— Я обещал только, что вы увидите какие–то знаки единорогов, — и вы их увидели. Ваши владения благословенны больше, чем заслуживает любая земля, потому что они прошли по ним свободными. Что же касается вас, вашего сердца и того, что вы сказали и чего не сказали, то она будет помнить это все, даже когда люди останутся только в детских сказках, написанных кроликами. Подумайте об этом и успокойтесь.
После этого Король больше не говорил, а Шмендрик пожалел о своих словах.
— Она коснулась вас дважды, — промолвил он через некоторое время. — Первый раз — чтобы вы снова вернулись к жизни, а второй — ради вас самого.
Лир ничего не ответил, и волшебник так никогда и не узнал: услышал тот его или нет.
Шмендрику приснилось, что единорог пришла и остановилась подле него на восходе луны.
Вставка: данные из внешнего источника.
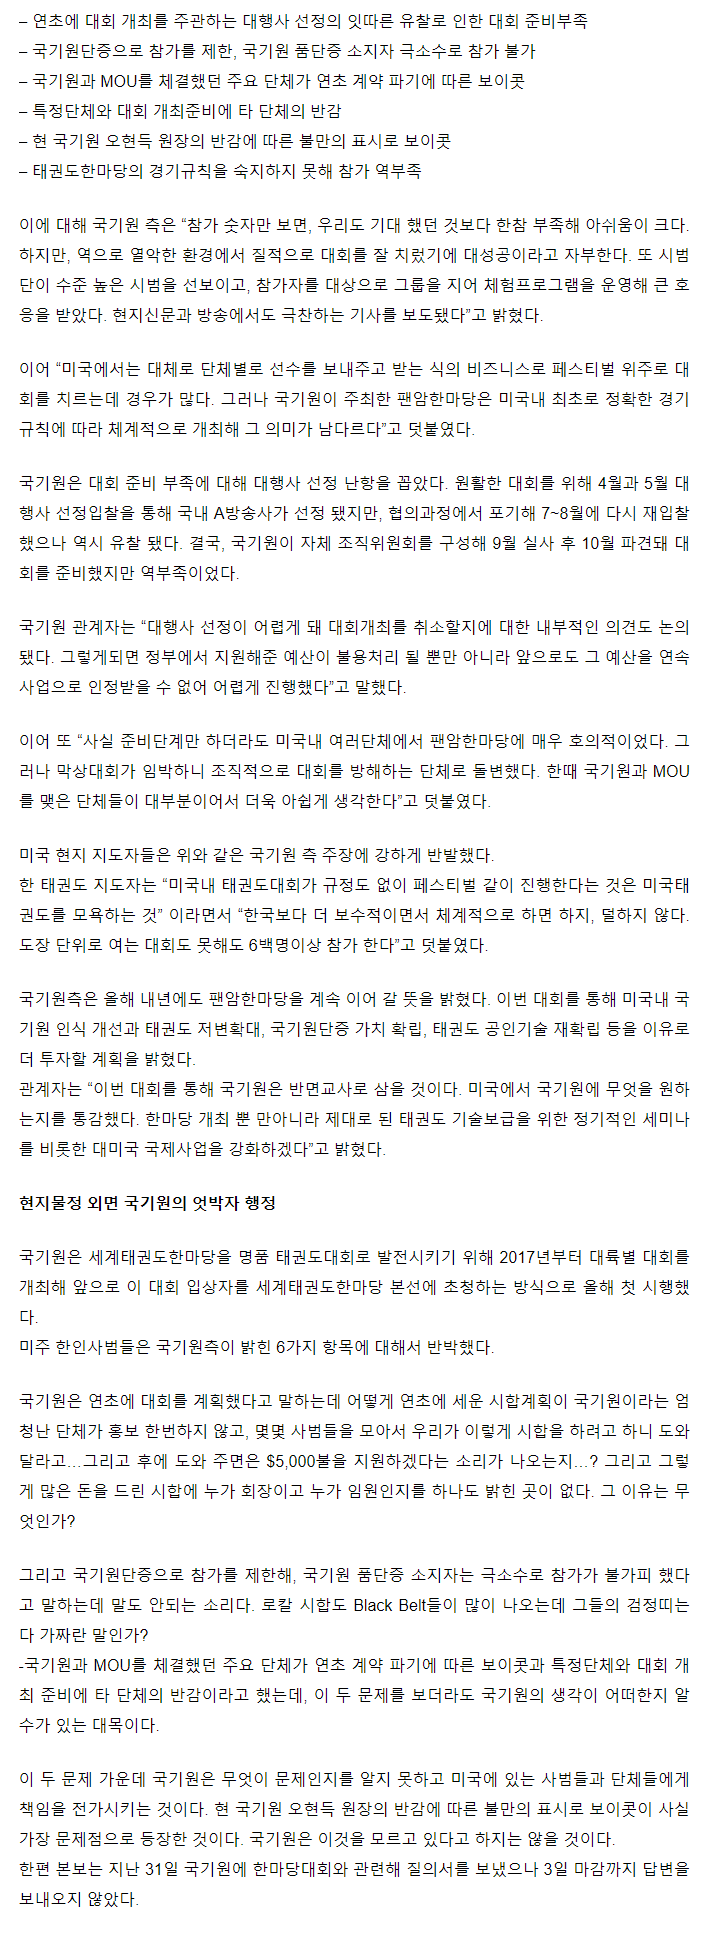 20180104_굴욕국기원주최la팬암한마당대회참패이유_sunday_03.gif

Тонкий ночной ветерок ерошил и трепал ее гриву, а луна сияла на ее маленькой голове, вылепленной из снежных хлопьев. Он знал, что это сон, но был счастлив увидеть ее.
— Как ты прекрасна, — сказал он. — Я тебе так этого и не сказал.
Он бы разбудил остальных, но ее глаза пропели ему предупреждение так ясно, будто были двумя испуганными птичками, и он понял, что если сдвинется с места, чтобы позвать Молли и Лира, то разбудит только самого себя, а она исчезнет. Поэтому он лишь сказал:
— Я думаю, они любят тебя больше, хотя я тоже стараюсь, как могу.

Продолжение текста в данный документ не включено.